人流復活で増えるトコジラミ「深刻に捉えすぎず、冷静に対策を」 自ら刺されて図鑑を作った皮膚科医 #なぜ話題
自ら刺された写真で図鑑を刊行 「救急外来で重宝していただいている」
実は夏秋さんは昨年、衛生害虫に自分が実際に刺されてみて、その臨床写真とともに症状や治療法を解説するという図鑑を出版して話題になっている。 本のタイトルは『Dr.夏秋の臨床図鑑 虫と皮膚炎 改訂第2版』(Gakken)という。初版以来10年ぶりの改訂で、ネットでは専門家らが「あの名著が再び!」と盛り上がった。 「皮膚科診療ではもちろん、夜間の救急外来の現場でも重宝していただいていると聞いています。
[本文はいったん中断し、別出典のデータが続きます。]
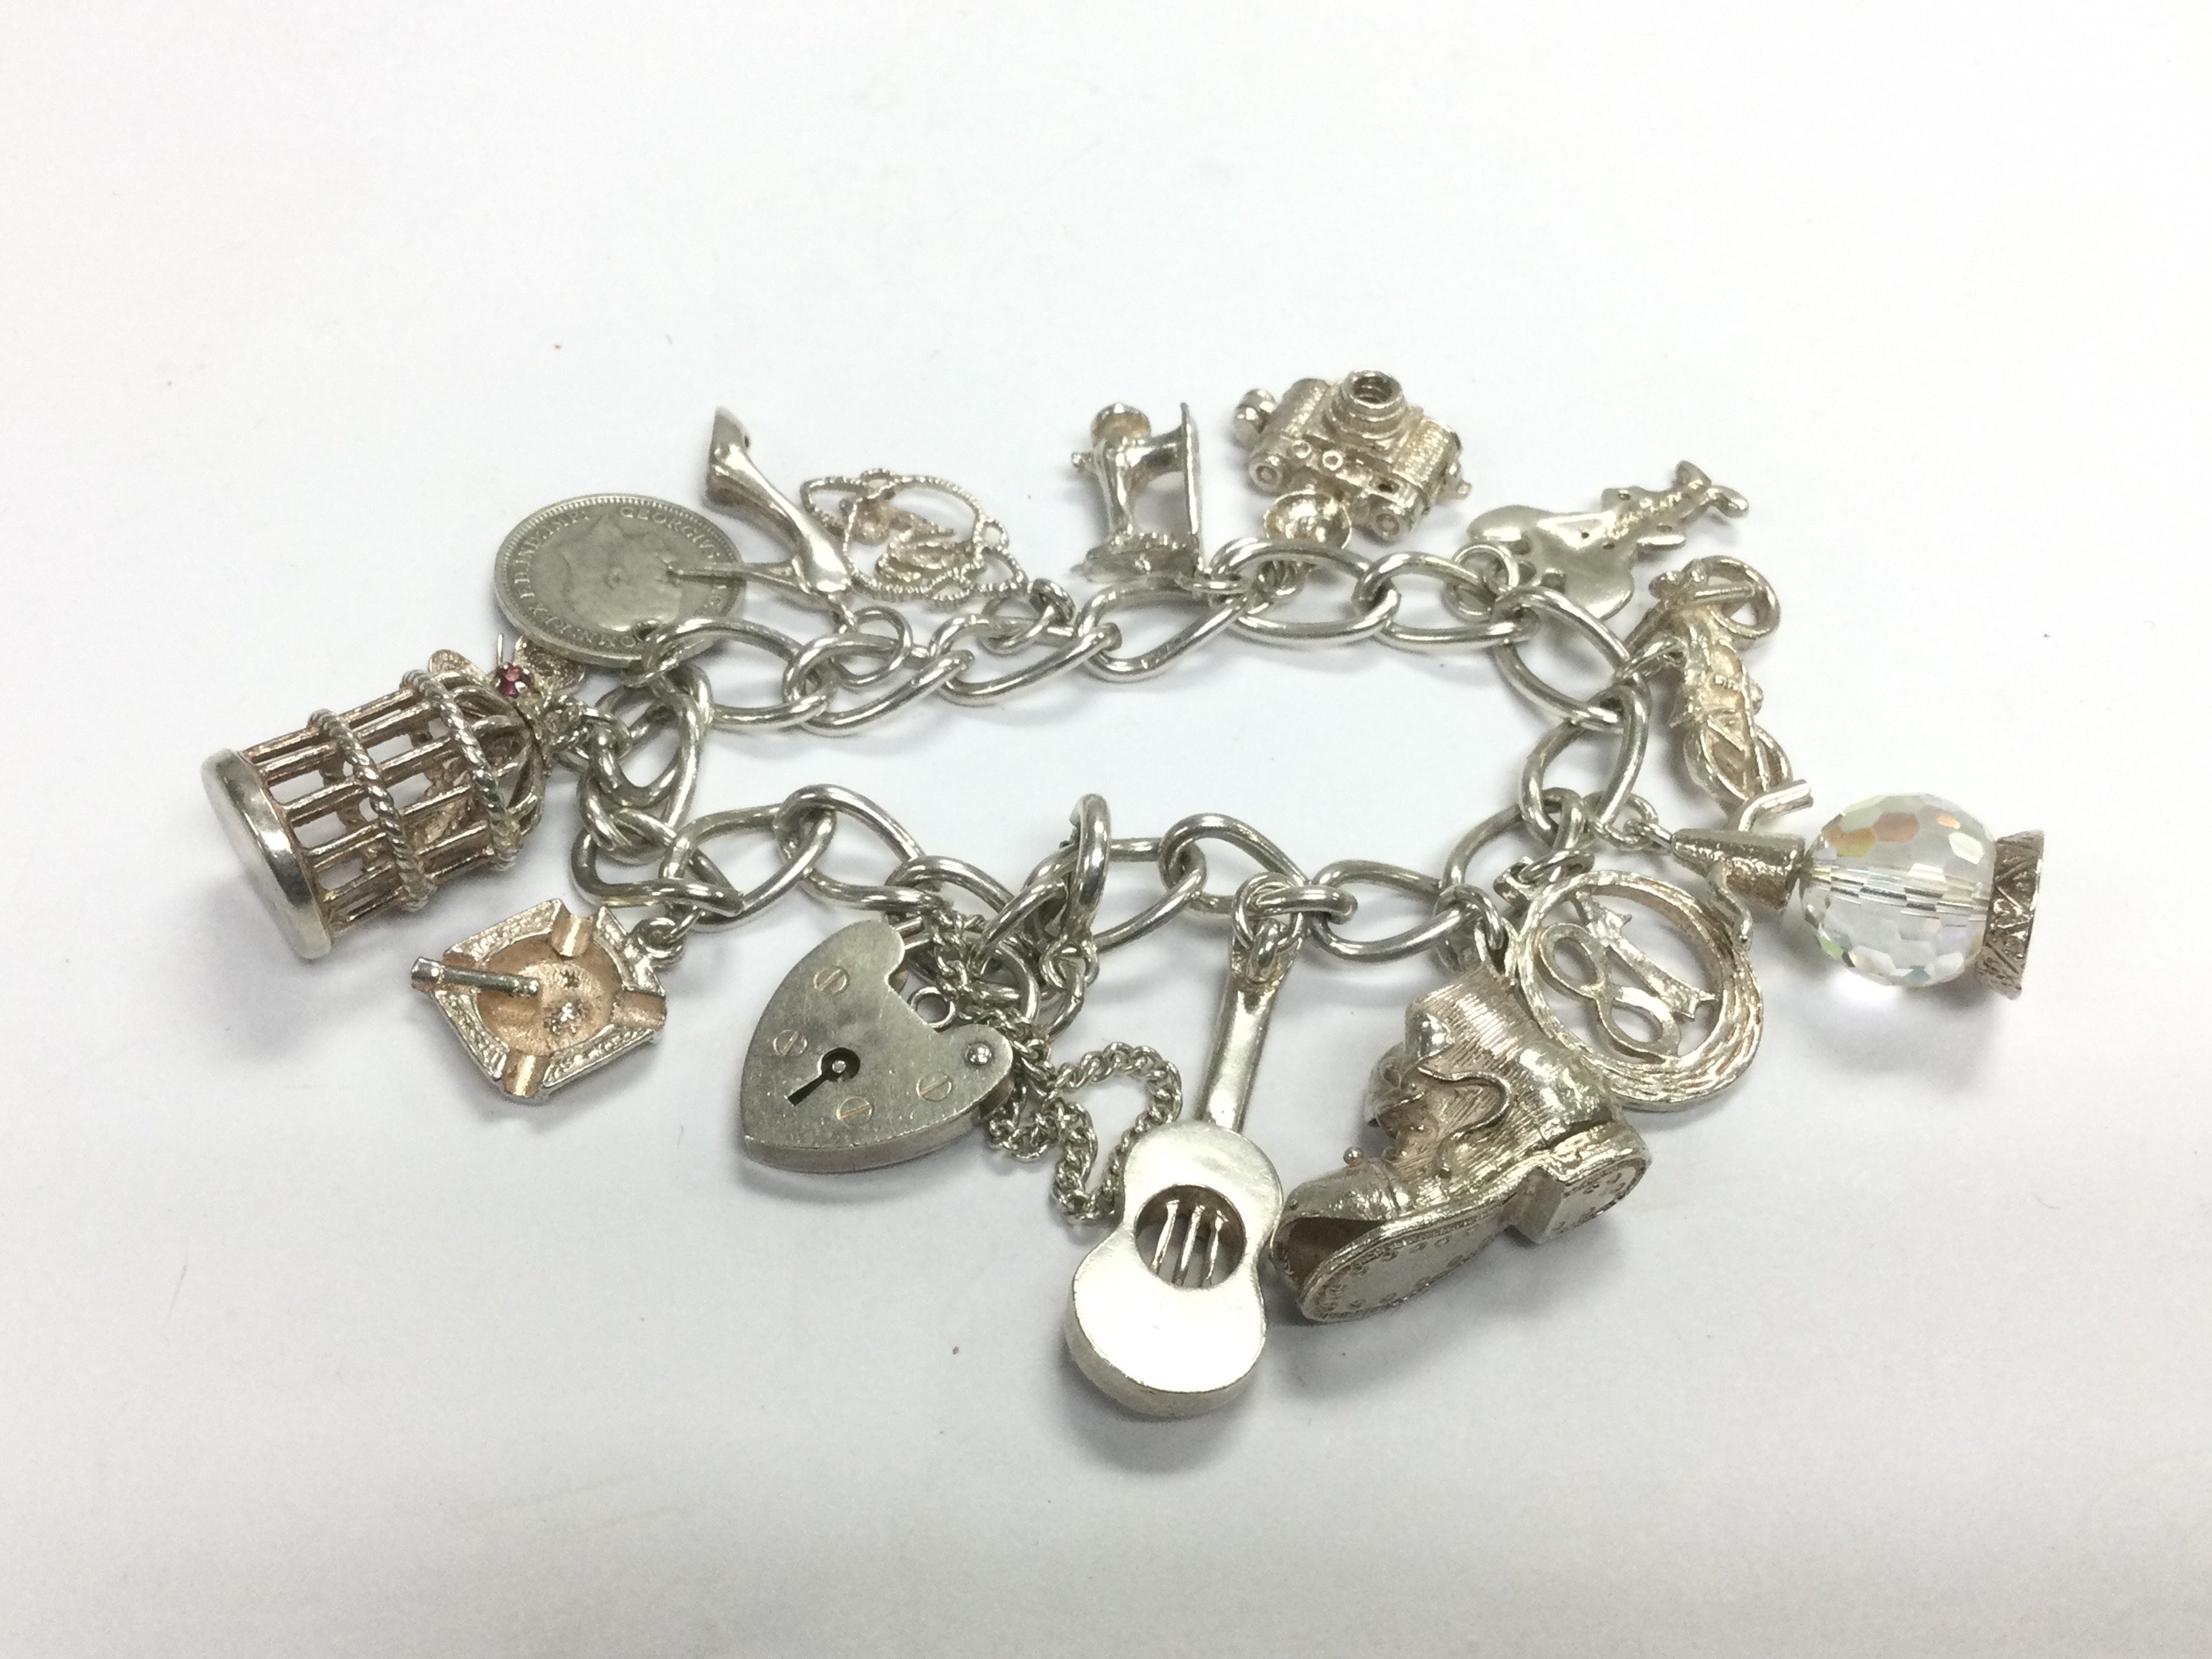 A silver charm bracelet. Shipping category A. NO R

というのは夜間は皮膚科の専門医も不在で、何らかの虫に刺された患者さんを診察してもよくわからない。そこで私の本を参考にすれば対応できることが多いそうです。また高価な専門書なんですが(1万5400円)、昆虫好きの子どもたちが夢中になって眺めていると聞いて、嬉しいですね」 掲載されている症例写真の約7割が、夏秋さんが自ら刺されて撮ったもの。たとえばトコジラミに関しては、《吸血開始直後のトコジラミ》と《吸血終了直前のトコジラミ》の写真がある。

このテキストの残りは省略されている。